Kenapa si di dunia ini tak ada yang bisa memaklumi kalau ada jutaan orang yang
hidup memiliki kesuburan badan di atas rata-rata?” ucapku dengan nada sebal.
Kunci telah terpasang. Motor
telah berhasil dinyalakan. Sembari memanasi motor, temanku yang tadi mengajak
makan tak lupa juga untuk mengajak
seluruh warga asrama. Dan seperti biasanya, ia berhasil membuat orang-orang
lapar seketika dengan kata kata ajakan manisnya. Apa boleh buat, mereka yang
tadinya tidak lapar akhirnya ikut kami juga.
“Mau duduk dimana nih bro?”
“Situ aja, di nomor 46. Pojokan
enak, bisa buat sandaran.”
“Oke deh, kalian mau makan apa?”
“Apa? Lele terbang 5, Nasi
goreng ampela 2, 3 ayam bakar. Ada tambahan?”
“Ane nambah es teler ya. Tulis
tuh tulis, yang manis.”
Obrolan di buka dengan bahasan
kongres kampus. Jarum jam yang sejak awal kita duduk menunjuk angka 1 sekarang
telah menunjuk angka 3. Pandangan mata kami tertawan pada analisa salah satu
kawan asrama. Aku hanya manggut-manggut. Bukan karena mengerti, tapi hanya agar
tidak terlalu terlihat tidak mengertinya aku akan pembahasan itu.
“Kau lihat foto yang tadi
nggak?”, celetuk salah satu kawan yang duduk sembari menyeruput es teler yang
duluan datang.
“Eh iya iya, fotonya itu lho.
Duh duh duh.”
Kampus, politik, foto,
jalan-jalan, sampai tetangga asrama menjadi topik perbincangan di meja makan.

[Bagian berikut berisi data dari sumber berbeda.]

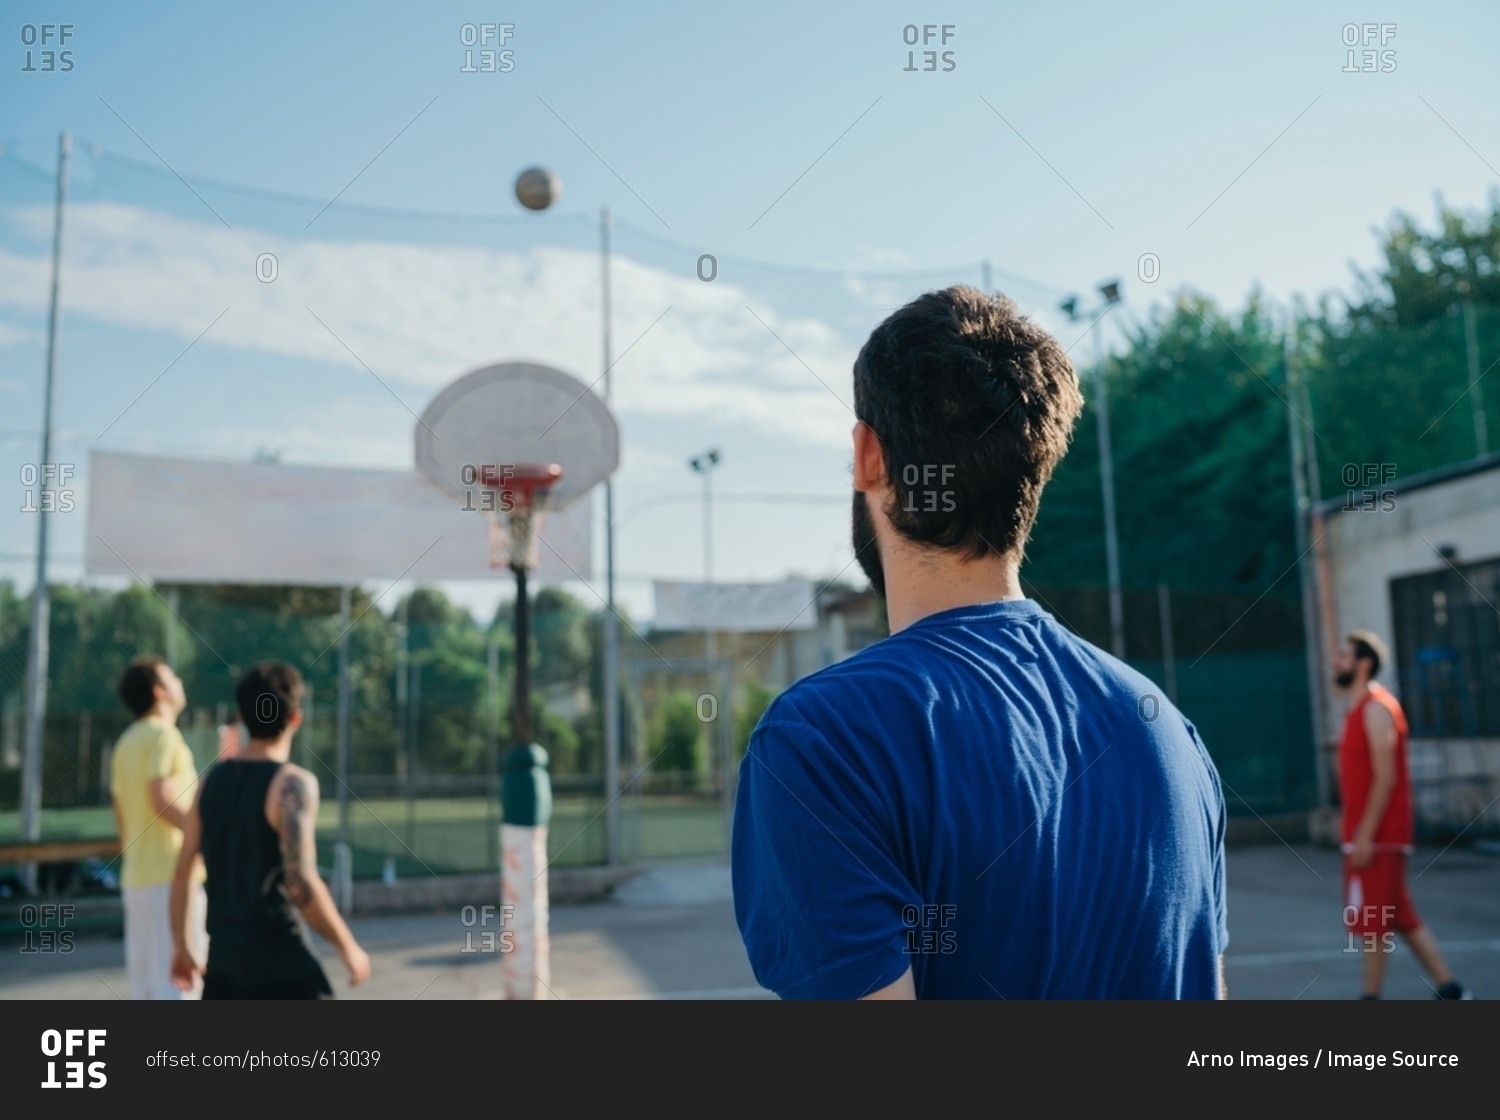 Friends on basketball court playing basketball game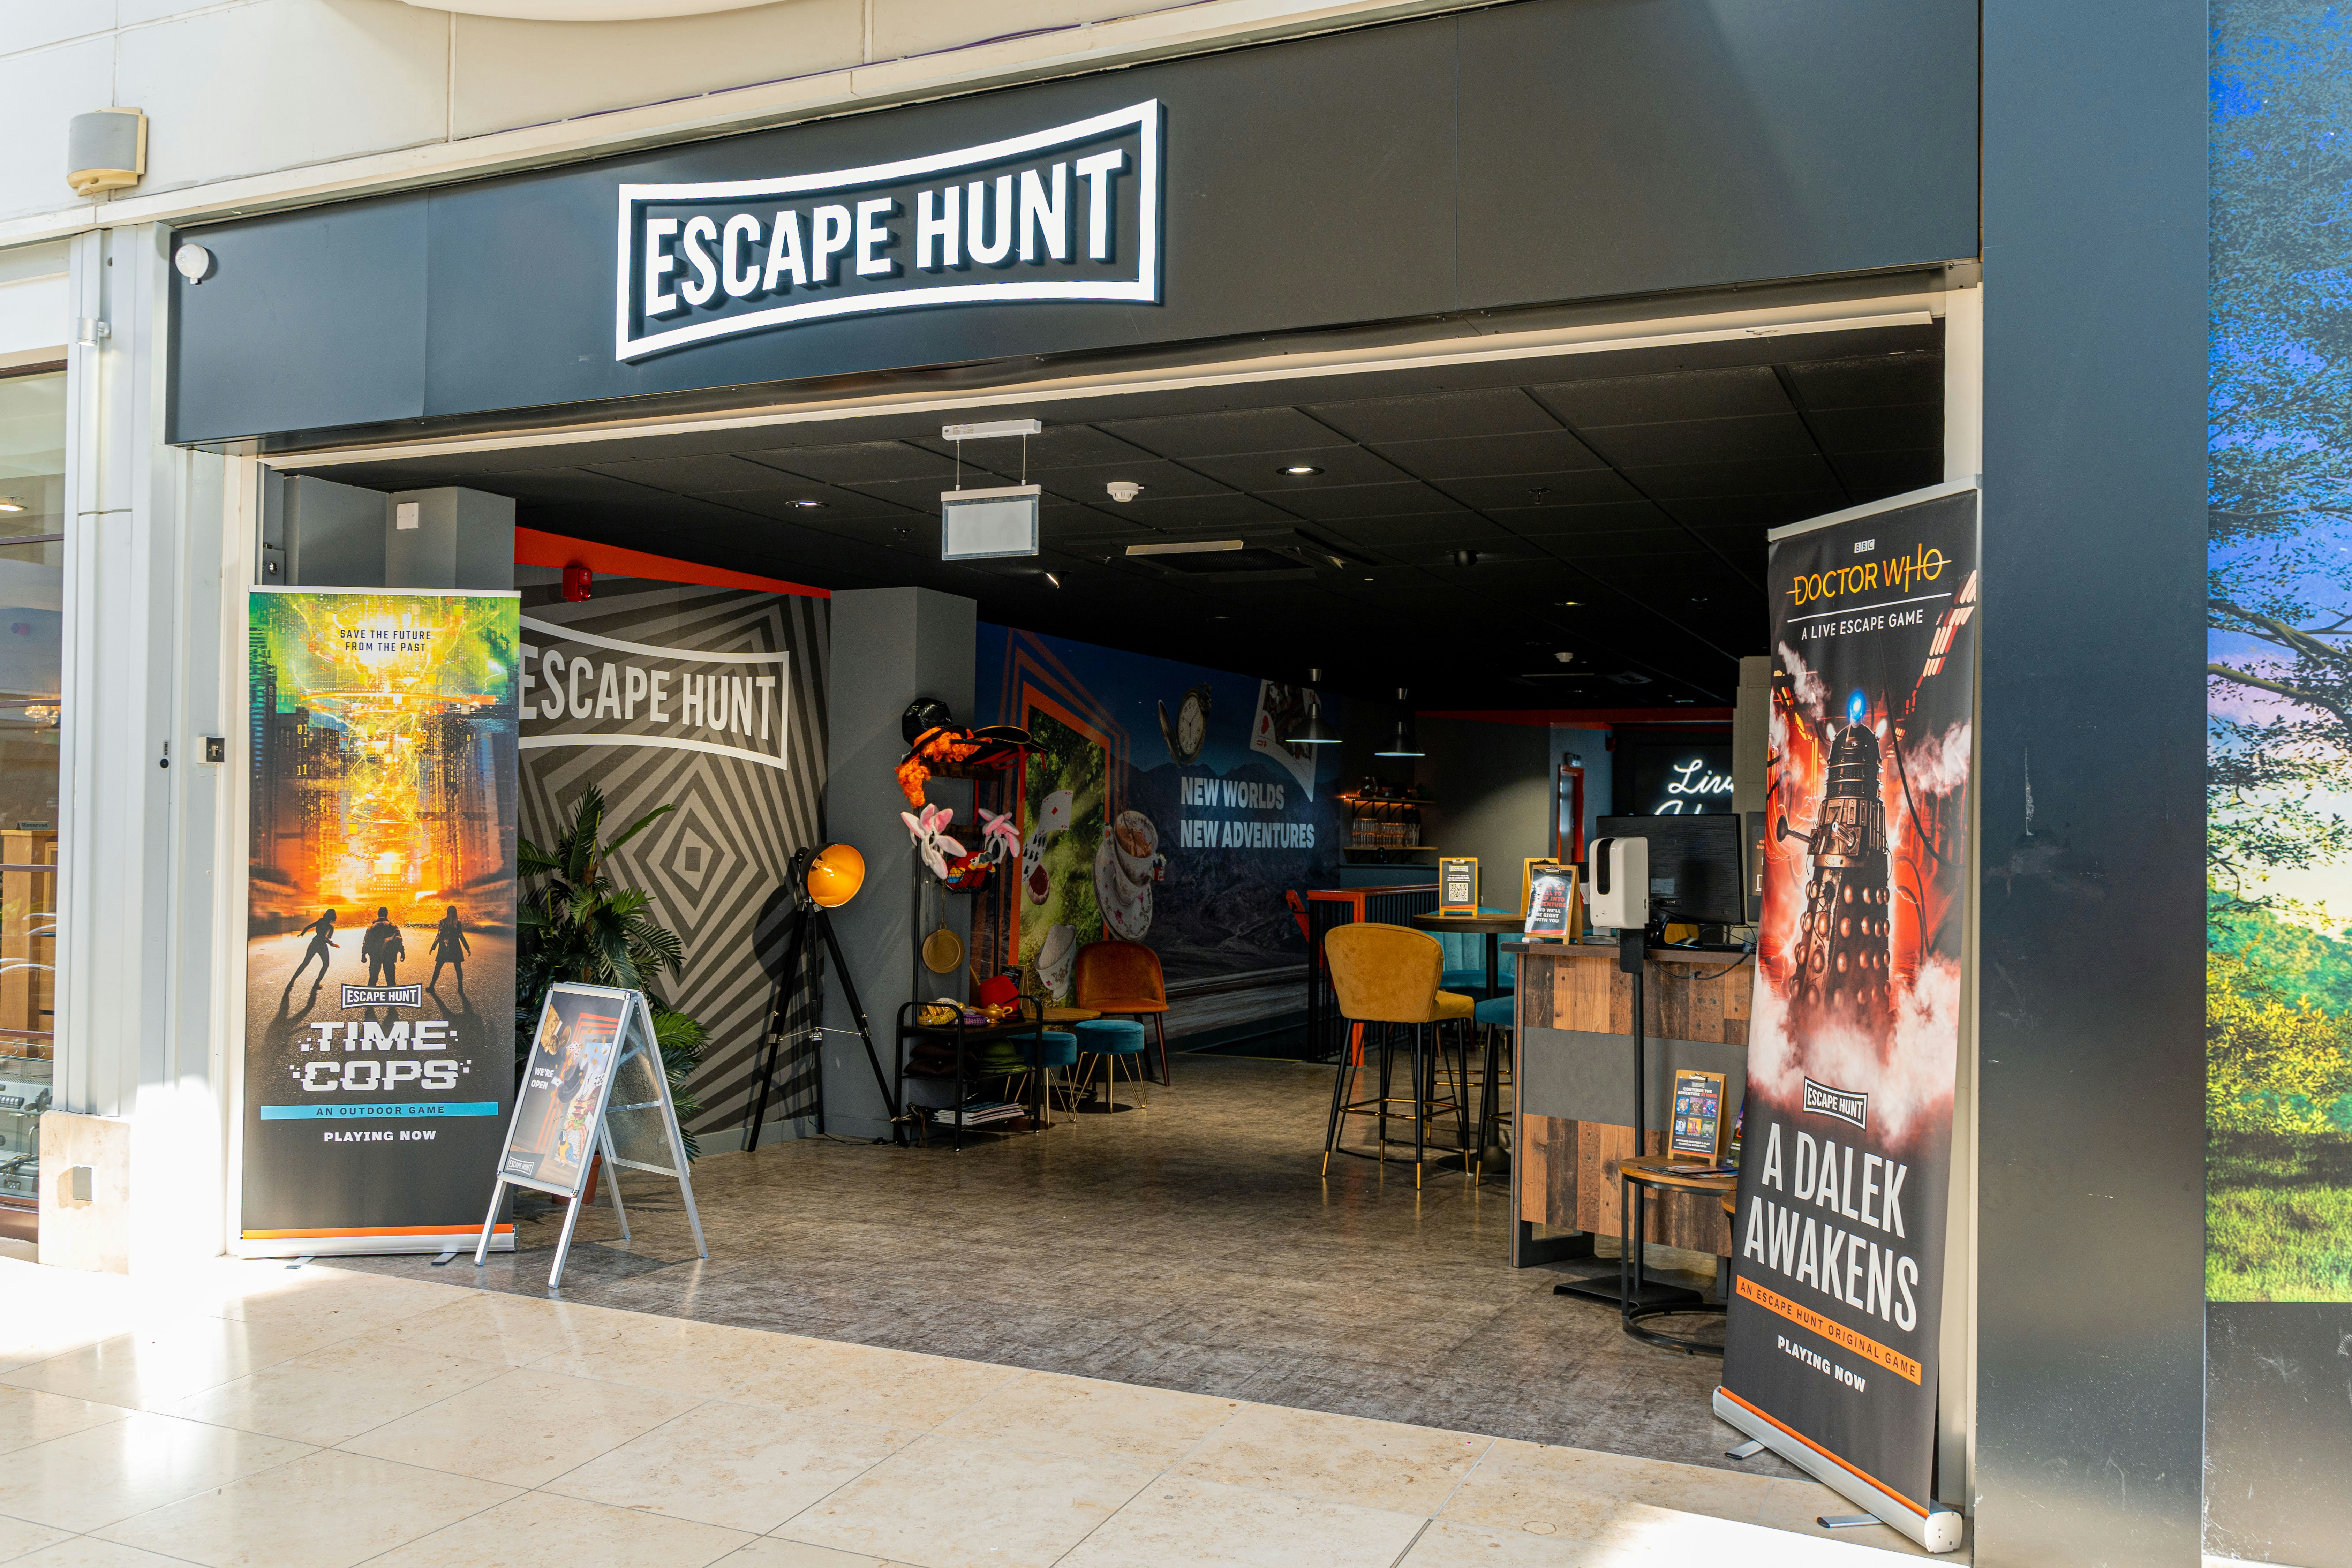 A black archway shop front reads Escape Hunt, you can see inside with various pop-up posters, seating and a desk.

Sesekali tawa terdengar. Lele dicocolkan ke sambal. Gigi-gigi putih terlihat,
gelak tawa terdengar. Satu topik belum selesai, beralih ke topik lain. Saking
tak mampu ku menahan tawa, reflek ku lemparkan tempe goreng ke salah satu
teman. Bukannya membalas, ia justru memakan tempe yang ku lemparkan. Kami
tertawa lagi.
“Porsi nasinya sedikit sekali
ya, nggak kenyang nih,huhu.” Gumamku
ketika akan beranjak pulang.
“Berapa tho?”
Teman di depanku menjawab dengan
mengeluarkan seluruh jari di tangannya.
“Wah mahal juga ya untuk menu
yang tidak mengenyangkan gini!” aku berbisik kepada teman sebelahku. Sengaja
untuk kalimat ini tidak kuucapkan dengan keras. Hanya kepada teman sebelahku.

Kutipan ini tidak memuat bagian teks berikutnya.